To develop the ML models, we used random hyperparameter search  to select the best hyperparameters using the validation set (XGBoost, LR, and NN). We have summarized the sampling ranges of the hyperparameters in Table S2 in . We ran each model 10 times with hyperparameters selected randomly from predetermined ranges. We then selected the model with the hyperparameters that achieved the best performance on the validation set in terms of the AUPRC value because it is considered a more informative metric owing to class imbalance [ , ]. We trained the NN models for 250 epochs. We report the performance on the test set for the selected best models.
We used the open-source SHAP package  to analyze feature importance using SHAP values for the best-performing model in terms of the overall AUROC. We calculated the SHAP value for each feature such that the magnitude of the SHAP value indicates greater importance for the model’s prediction, and we present the average of the absolute SHAP values for each of the 7 input features in the test set. We also present the SHAP plots for the observation sets with the highest and lowest prediction scores in the best-performing model. In addition, for each input feature, we plotted the SHAP partial dependence plot, and calculated the Pearson correlation coefficient and the Spearman rank correlation coefficient between the feature values and their respective sets of SHAP values. The partial dependence plots show the relationship between the average SHAP value and each possible vital signs measurement, whereas the coefficients indicate the overall correlation between the SHAP values and the input feature values. We also included the LR coefficients and odds ratios as a comparison point owing to the simplicity of the LR model and the significance of the coefficients in summarizing the effect of each feature on the overall prediction of the model compared with the SHAP values.

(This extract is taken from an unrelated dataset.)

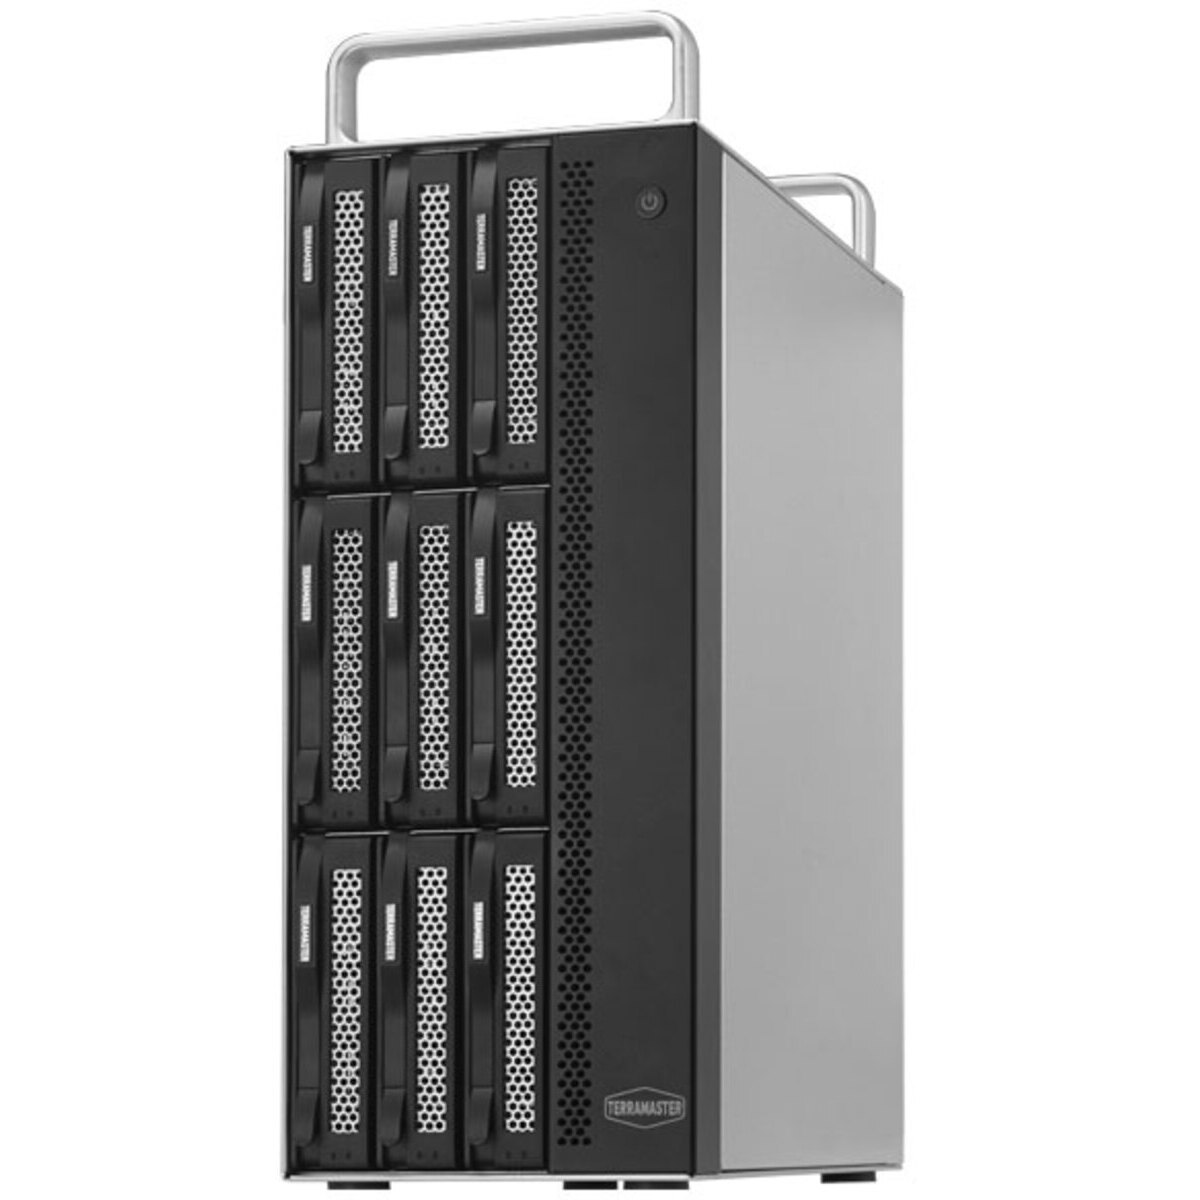 TerraMaster D8-322 88tb 8-Bay Desktop Multimedia / Power User / Business DAS - Direct Attached Storage Device 4x22tb Seagate EXOS X22 ST22000NM001E 3.5 7200rpm SATA 6Gb/s HDD ENTERPRISE Class Drives Installed - Burn-In Tested D8-322

We have summarized the results of applying the inclusion and exclusion criteria in. Our data set comprised 1,620,010 encounters from 278,186 patients, yielding a total of 9,213,040 observation sets. Of the 278,186 patients, 255,557 (91.87%) had complete identifying information recorded in the data set, leading to the exclusion of the rest (22,629/278,186, 8.13%), leaving 97.87% (1,585,532/1,620,010) of the encounters and 98.31% (9,057,635/9,213,040) of the observation sets. Our study specifically targets inpatients; therefore, of the 255,557 patients, after excluding 223,117 (87.31%) outpatient encounters, 32,440 (12.69%) remained. Of these 32,440 patients, 31,628 (96.39%) were aged >18 years and thus eligible for inclusion (6,258,085/9,057,635, 69.09% observation sets recorded within 49,508/1,585,562, 3.12% encounters). Furthermore, we included only emergency encounters; thus, of the 31,268 patients, 18,045 (57.71%) were included (3,886,591/6,258,085, 62.11% observation sets recorded within 27,589/49,508, 55.73% encounters). We then excluded any observation sets that occurred after an adverse event, which meant that, of the 3,886,591 observation sets, 1,252,921 (32.24%) remained. Finally, of the 1,252,921 observation sets, we removed 301,266 (24.05%) that contained implausible readings for their respective vital signs, leaving 951,655 (75.95%) observation sets. Thus, of the 18,045 patients, 16,901 (93.66%) remained in the final cohort (associated with 26,073/27,589, 94.51% encounters recorded between April 2015 and August 2021). We divided the data set of 16,901 patients as follows: training set: 11,830 (70%; 18,319/26,073, 70.26% encounters), validation set: 3397 (20.1%; 5206/26,073, 19.97% encounters), and test set: 1674 (9.9%; 2548/26,073, 9.77% encounters).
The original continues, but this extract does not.